Great attention in the novel is also paid to Oscar’s mother – Beli. Her remarkable and outstanding biography shapes the true narrative backbone of the novel. Beli was raised in the provincial Dominican city called Bani. There she was a dark-skinned beauty, also she was a scholarship girl at an expensive private school. Eventually, she became the lover of a famous criminal. It may be mentioned that her son’s painful and ruff, familiar passage into the life of an adult is set contrary to her age-related changes, shown in reverse.

At the first time, Beli is represented as an angry and borderline-abusive immigrant matriarch leader. She is fighting with her daughter. Beli is furiously wearing herself out with hard work and worry. Later on, Beli is shown as a revolting daughter in her own particular right, suffering, and fighting with La Inca. La Inca is her relative, the poor yet respectable person, in whose home she was raised.

Beli’s parents were a doctor and a nurse, as La Inca never stops reminding her, were from the class of the bourgeoisie who fell afoul of Rafael Trujillo regime.
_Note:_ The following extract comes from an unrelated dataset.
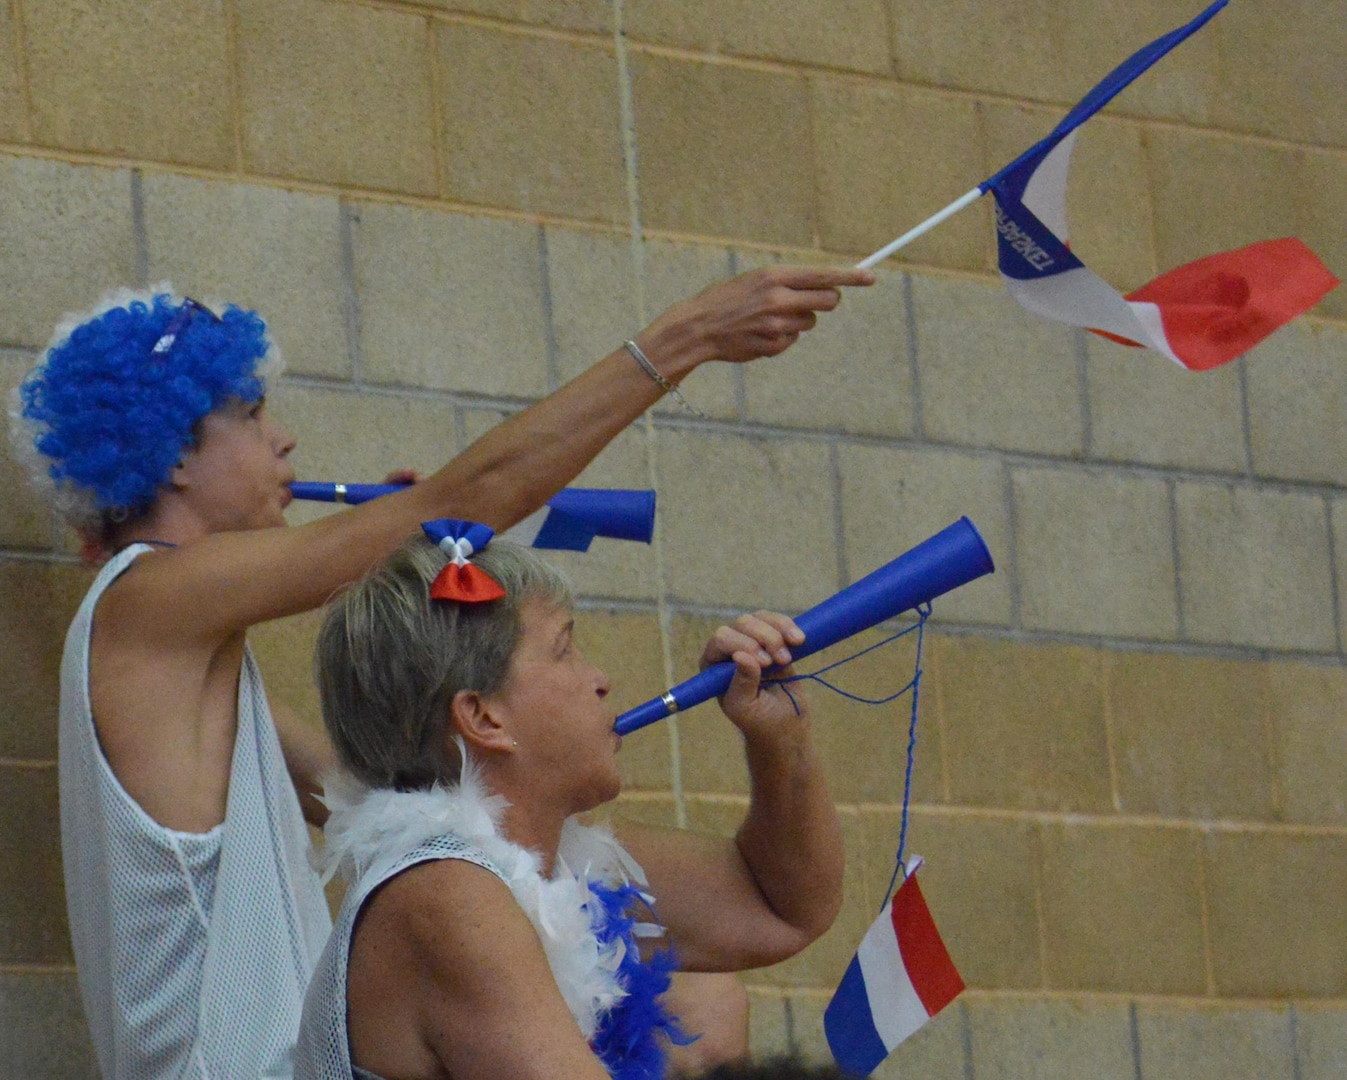 French fans blow their horns and wave their nation's flag after their team scores during day two of the CISM Women's Basketball Championship at Camp Pendleton, Calif., July 26, 2016. Despite their support, France lost to Team USA, 85-53.

Rafael Trujillo was indeed a brutal Latin American dictator in the period of the middle 20th century.

But Diaz himself puts such notion in a footnote describing him: “At first glance, he was just your typical Latin American caudillo, but his power was terminal in ways that few historians or writers have ever truly captured or, I would argue, imagined. He was our Sauron, our Arawn, our Darkseid, our Once and Future Dictator” (Diaz, 2007).

It might be seen that for just this reason Rafael Trujillo was represented to be a real boon for Diaz, who “washes the cities and villages of his country in the 1940s and ’50s in a period ambience that’s violent as well as sensual and exotic. The island may be cursed and haunted, but it’s also enchanted; even the bitterest memories seem softened by nostalgia” (Diaz, 2007).
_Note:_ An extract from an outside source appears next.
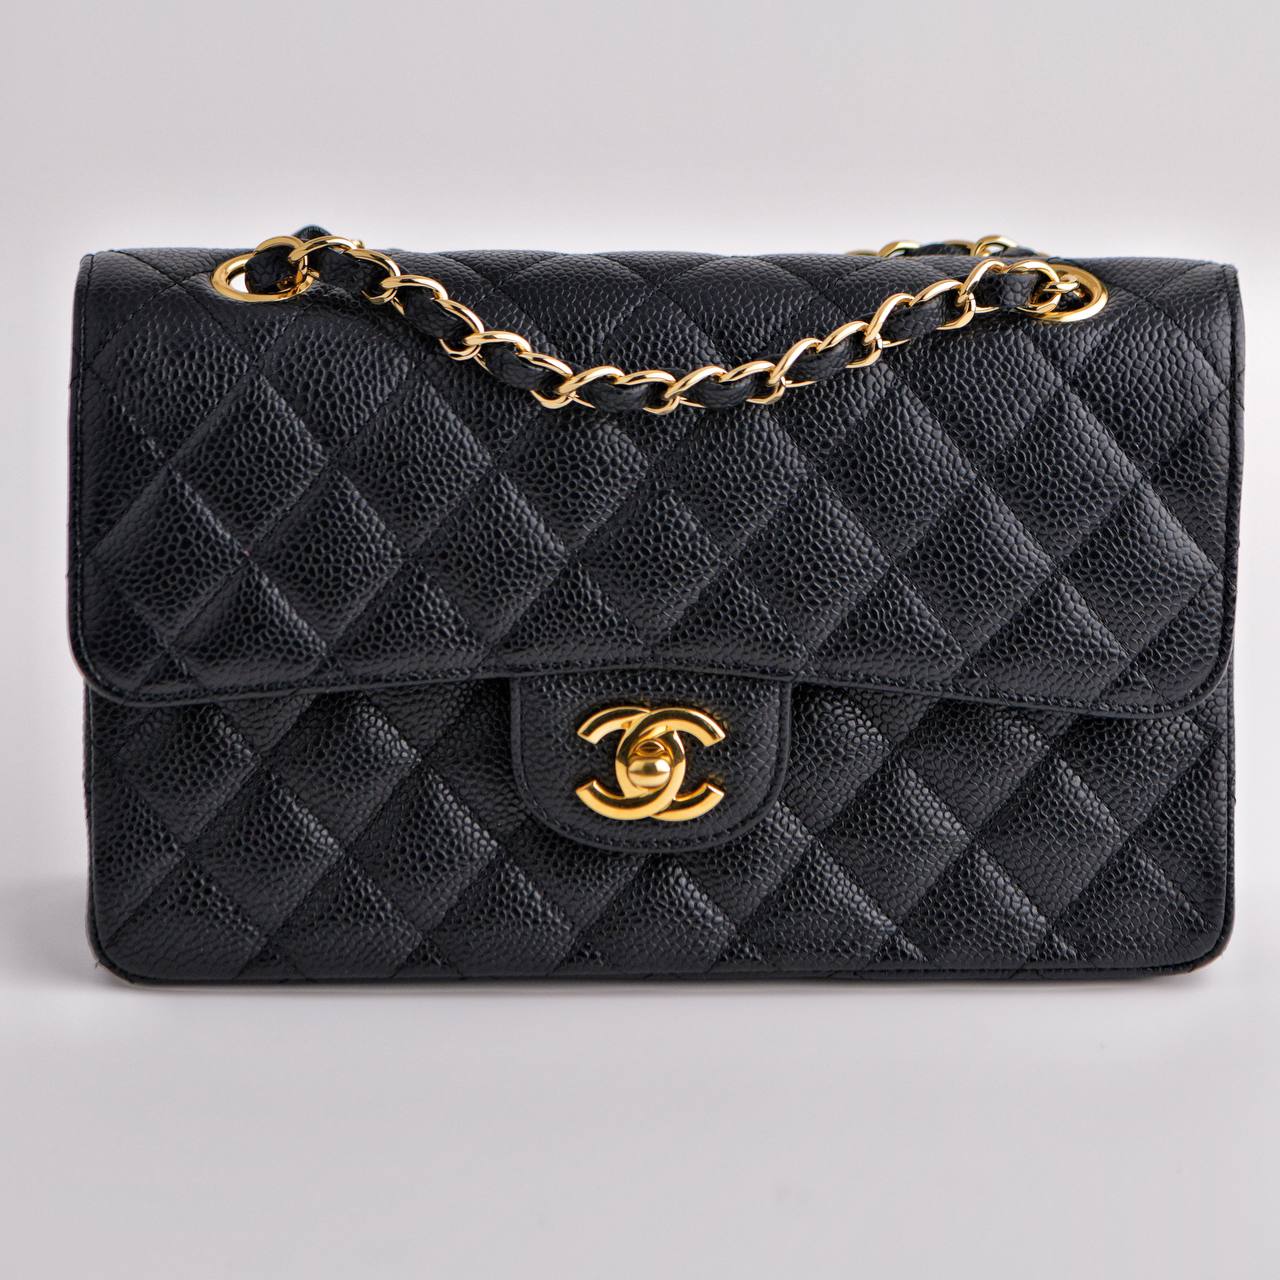 CHANEL Classic Flap Bags & Handbags for Women for sale

Thus, it can be pointed out that some spirits that are sometimes invoked with the view to explain the bad luck of Oscar’s families are also, for Diaz if not also for his characters, just lucky charms.

Oscar Wao’s significance is supported with the horrors and superstitious beliefs of his old country, certain tropical sweetness which inflects the prose of Diaz even at some moments of huge cruelty. It should be pointed out that without all these Oscar Wao would be just the same as some other crazy man with an Akira poster placed on the wall of his dorm – room and with a long chain of desperate, unfinished sexual obsessions.
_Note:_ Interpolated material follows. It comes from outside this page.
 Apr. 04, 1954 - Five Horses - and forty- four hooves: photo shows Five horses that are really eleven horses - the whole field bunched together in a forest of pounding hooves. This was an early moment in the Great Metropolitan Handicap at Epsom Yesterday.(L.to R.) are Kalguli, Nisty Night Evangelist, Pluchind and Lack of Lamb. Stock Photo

There is a certain discrepancy between the circumstances and background of Oscar’s life. Diaz solves this problem violently and unconvincingly in the final section of his book -“The Brief Wondrous Life of Oscar Wao.” It should be stated that here the reader can view a real subject of the given book.

Despite itself, it might be regarded as a novel of assimilation, a collapsed chronicle of the conflicting and inexorable movement of the immigrant’s children towards the layer of the American middle class. And there the terrible, also incredible stories of what grandparents and parents suffered and stand in their old country have become a manner in their own exact right.

Works Cited

Diaz, Junot. The Brief Wondrous Life of Oscar Wao. New York: Riverhead, 2007.